At the moment the you can only export the usage statistics using the DSpace command line tool.

This issue is purely a feature request, which could enable the admin user to export & download the usage statistics using the angular frontend. The angular frontend already has a submenu which can be extended for this purpose. I attached a screenshot how we could do the feature addition:

image

My colleague @dsipos-dev could do the implementation. We have tried to estimate the required work to do this. As far as we know mostly it will require backend implementation. The frontend UI is rendered using the backend configuration.

tdonohue commented 3 years ago

@kanasznagyzoltan : I'm not sure I understand the use case for this.

The solr-export-statistics command is a complete dump of all statistical information in your Solr statistics index, and based on the number of records in that index, it may create several dump files (looking at SolrImportExport it appears it creates a new file for every 10,000 rows).

So, I'm worried moving this to the UI would be harder than it seems....when the process starts, you don't know how many files will be included in the export, nor do you know the size of the export (It will be large, as you are basically creating a full copy of all the data in your statistics index). In my opinion, that makes this command risky to make available in the UI as it currently works. For instance, it'd be bad if the Admin triggers this command from the UI, only to find it exports so much content that the server runs out of storage space. Whereas, if you are on the commandline, you can determine how much storage space you currently have available (and how much the statistics core seems to be using) before proceeding.

All in all, I'm worried this command won't be simple to move to the UI. It'd need reworking so that there were protections in place to ensure you aren't using all your disk space, and to make sure the resulting export is downloadable via the web (as the export may consist of a number of large files). Those are my initial thoughts here, but I'd welcome other developers to add their opinions (especially if I'm overlooking something)

kanasznagyzoltan commented 3 years ago

@dsipos-dev Could you write some info what and how we have done this? Thank you!

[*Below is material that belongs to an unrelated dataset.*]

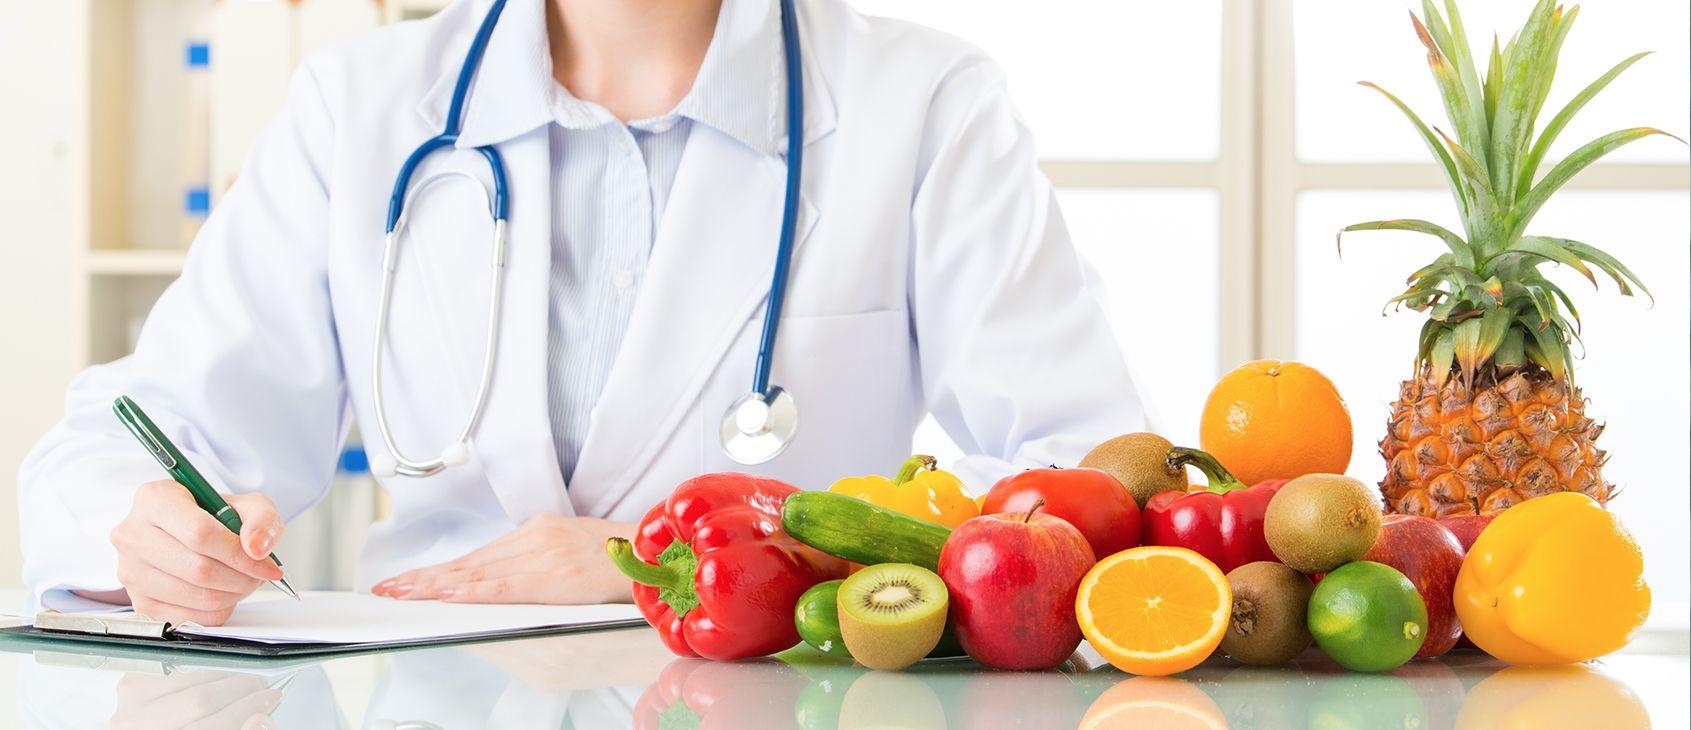 врач и фрукты

mwoodiupui commented 3 years ago
  1. We need to speak carefully: the statistics core contains cases not statistics.
  2. I also am wary of running at arms' length a process that produces this much output.
  3. How does the Processes subsystem deal with a process instance that yields multiple outputs, perhaps hundreds?
  4. The reporting directory can be on a separate mounted filesystem, which would confine out-of-storage problems to the Processes reporting (for all processes!) and leave e.g. the Assetstore unaffected.
  5. I don't see why one would do this GUI-style, rather than just SSH to the server and run bin/dspace whatever there. Working locally to the server, one can do things like mount the ultimate destination of the data as a network share and send the report directly to where it is wanted, without consuming server storage. Hiding this behind the GUI is very limiting.

What is the use case here?

tdonohue commented 3 years ago

Flagging as needs discussion and moving into our unscheduled backlog, as the use cases are still unclear here.

tdonohue commented 1 year ago

Closing, outdated and no use case provided

mwoodiupui commented 1 year ago

Some more thoughts:

You can get the usage records directly from Solr. You can select just the records that you want using Solr's query language.

Not everyone should have access to these data. You can secure access to the Solr port independently of access to DSpace, and you can create accounts in Solr independently of DSpace accounts. You can (and arguably should) run Solr on a different host altogether, behind a corporate firewall that makes it invisible to The World.

Solr already provides a way ("cursormark") to deal efficiently with huge quantities of records, which is exactly what usage recording produces. No temporary files are involved, so there is no reason for concern about server storage.